Before we start writing .NET programs for Matisse, we need to know how to define database schemas. Although this is slightly different from relational databases, this is not difficult. If you are familiar with UML, you are almost ready to start. The key differentiator in schema definition has to do with the way in which you define relationships. Relationships work in ways similar to the relational Primary Key - Foreign Key concept, but they come with some specific advantages, as I will demonstrate in this article.
This article is part of a series. The next ones will cover .NET programming step by step, which is the ultimate goal of this series of articles.
UML, SQL DDL, or ODL?
Matisse supports three types of schema definition languages, UML, SQL DDL, and ODL (Object Definition Language). So, which one should you use? The answer is whichever one you like, because you can switch from one to the other whenever you need. For instance, you can define the database schema with SQL DDL at first, and then export the schema into an ODL file for a later update.
Here are a few tips:
SQL DDL is very handy when you need to do some tests, e.g., adding a class with a couple of attributes, or defining/dropping an index on an attribute. DDL is also useful when you need to migrate a relational schema into Matisse.
If you are familiar with C++ or IDL (Interface Definition Language), ODL is easy to understand. With ODL, you define your schema in a declarative way.
Rational Rose UML provides you with a more intuitive understanding of the model, and helps categorize a large schema into packages. However, Rational Rose does not come with a standard installation of Matisse.
Classes and Attributes
There are only three fundamental elements in schema definition for Matisse. These are class, attribute, and relationship. First, let us look at class and attribute.

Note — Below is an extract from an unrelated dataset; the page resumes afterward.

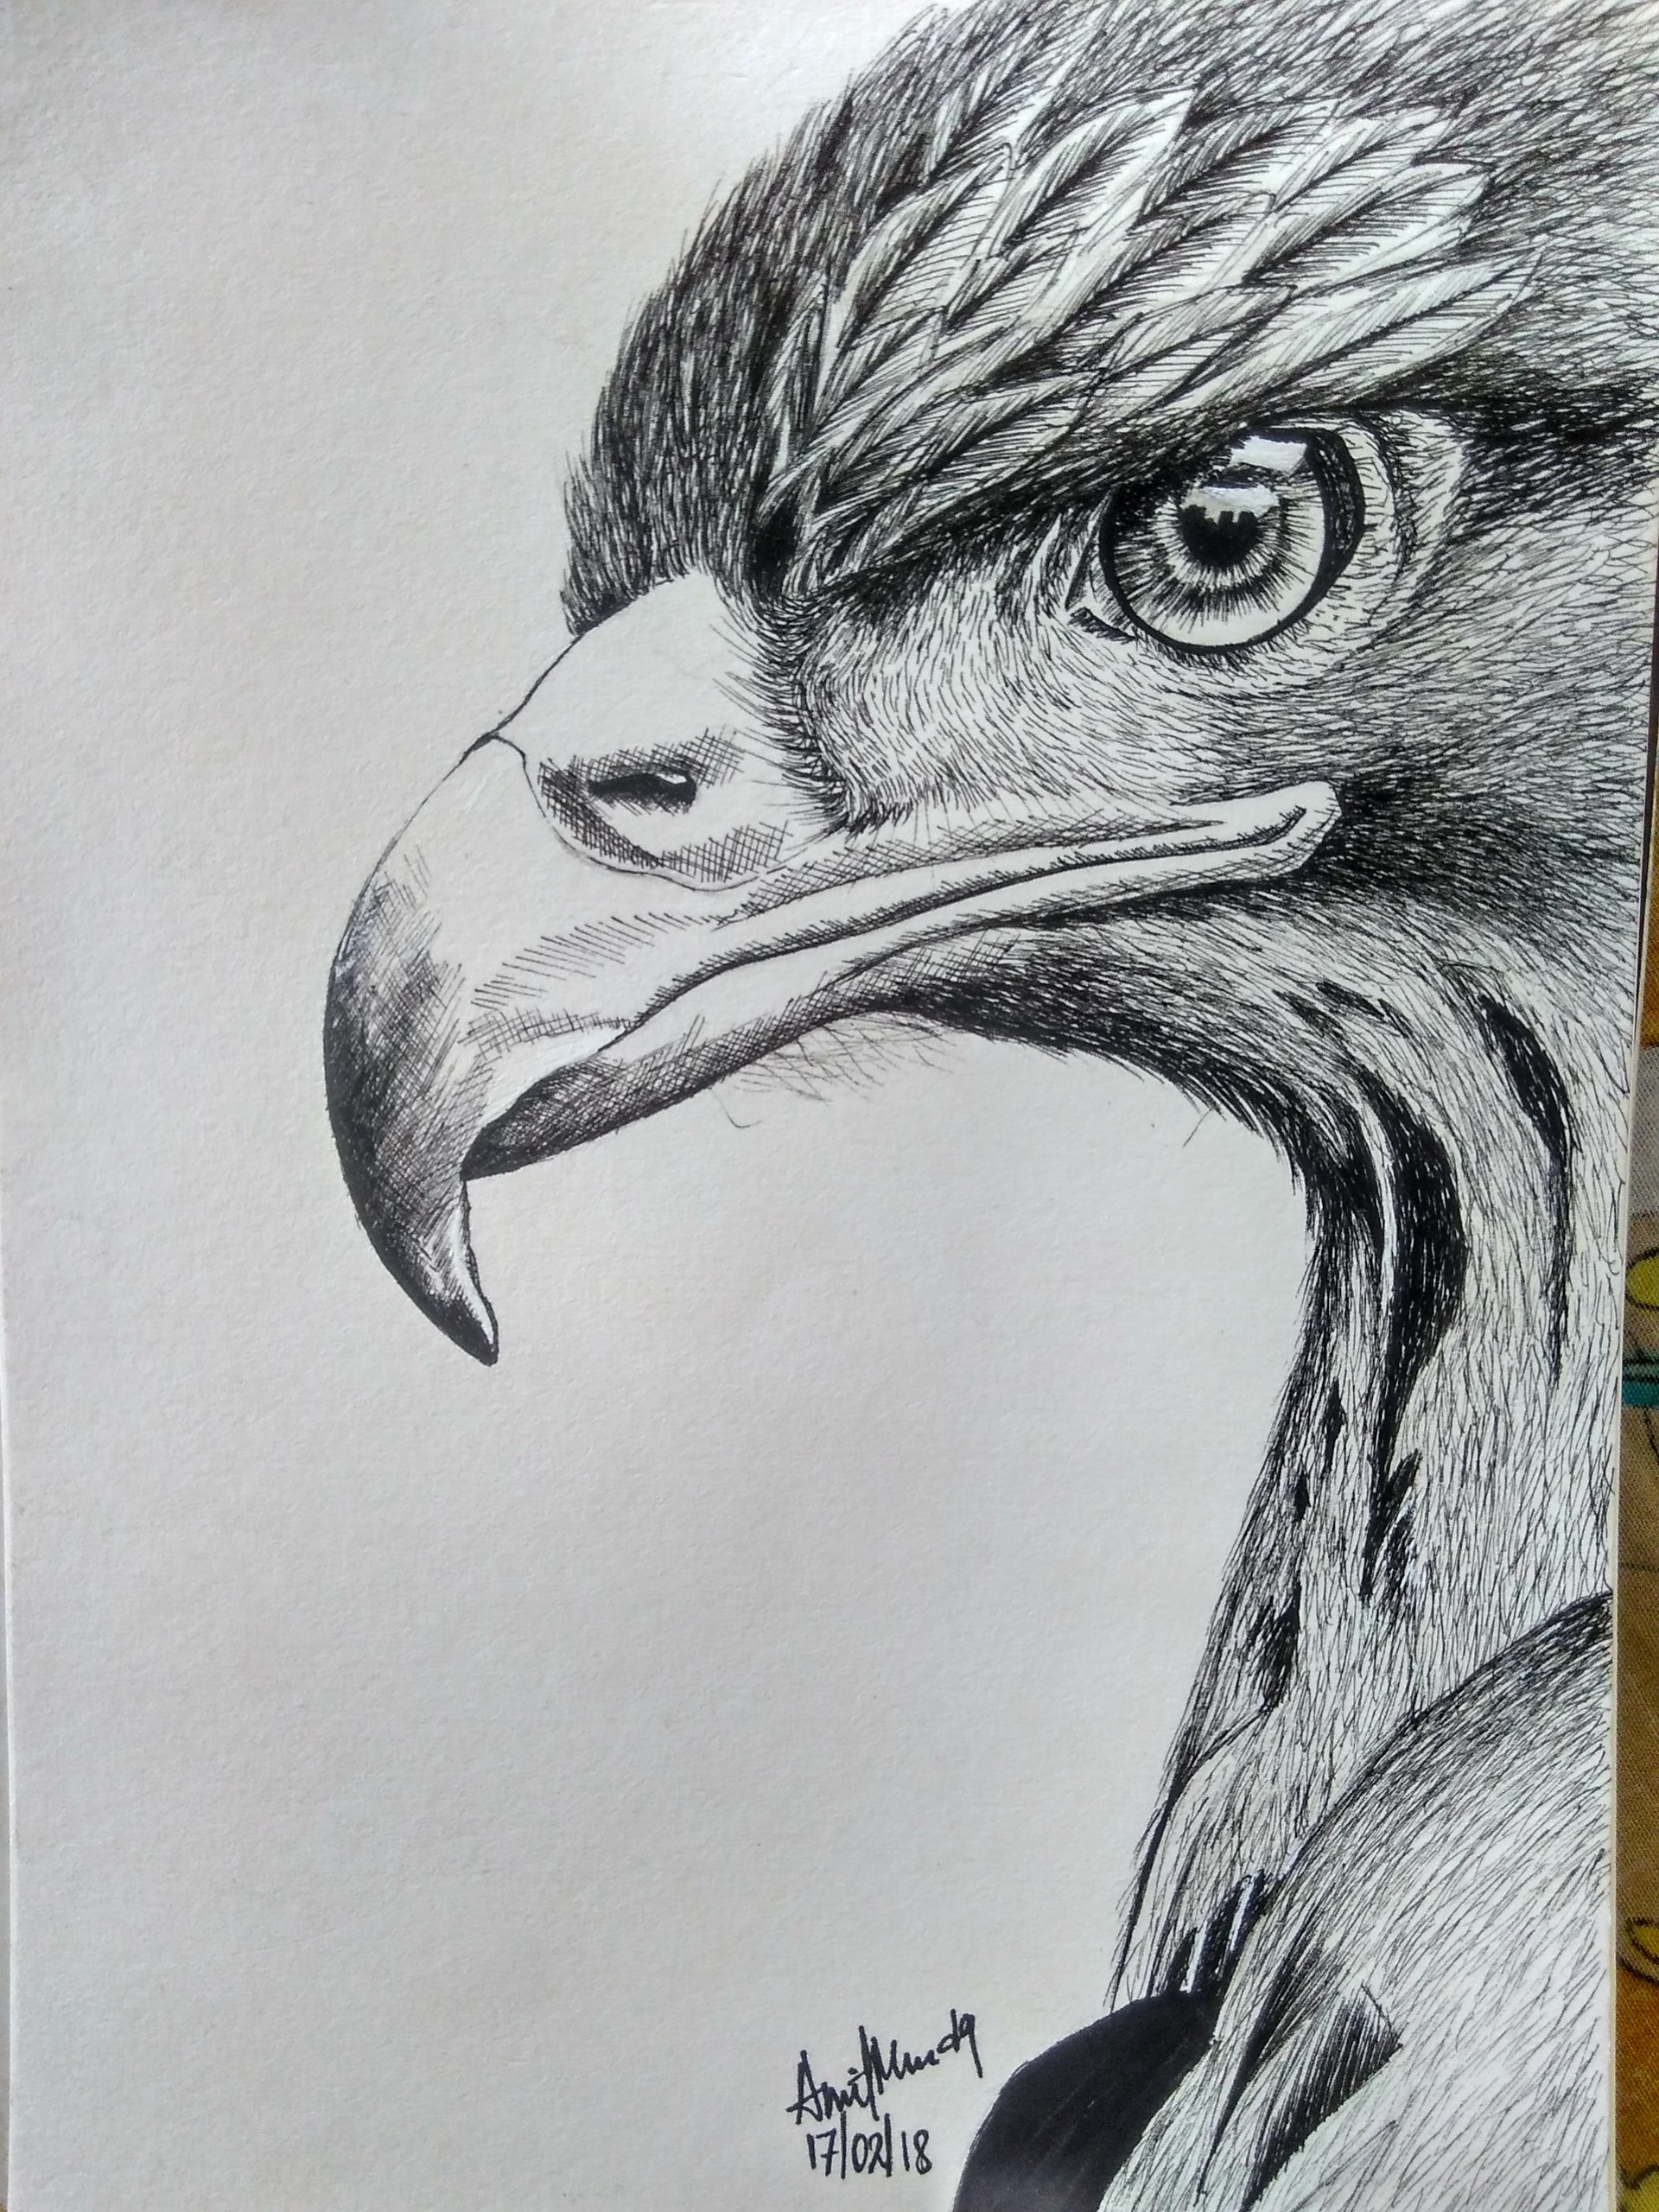 ArtStation - Ink sketch of an eagle

Class is like a relational table, and attribute is like a relational column. The major differences are:
- You can use inheritance with classes
- You can define methods for classes
- Attribute can be of list type, e.g., list of integers
Here is the definition of the class Manager
in DDL, which inherits from Employee
and has an attribute Title
:
CREATE CLASS Manager UNDER Employee (
Title VARCHAR(64)
);
Note that "CREATE CLASS
" and "CREATE TABLE
" are identical. By default, an attribute defined by DDL is NULLABLE
. If the Title
attribute cannot be NULL
, the definition should use NOT NULL
:
CREATE CLASS Manager UNDER Employee (
Title VARCHAR(64) NOT NULL
);
Do you need to define a primary key in each class? Basically, the answer is no, because each class has an implicit OID attribute. But, if relational columns used as primary keys are meaningful in the application domain, you will obviously include these attributes in the class.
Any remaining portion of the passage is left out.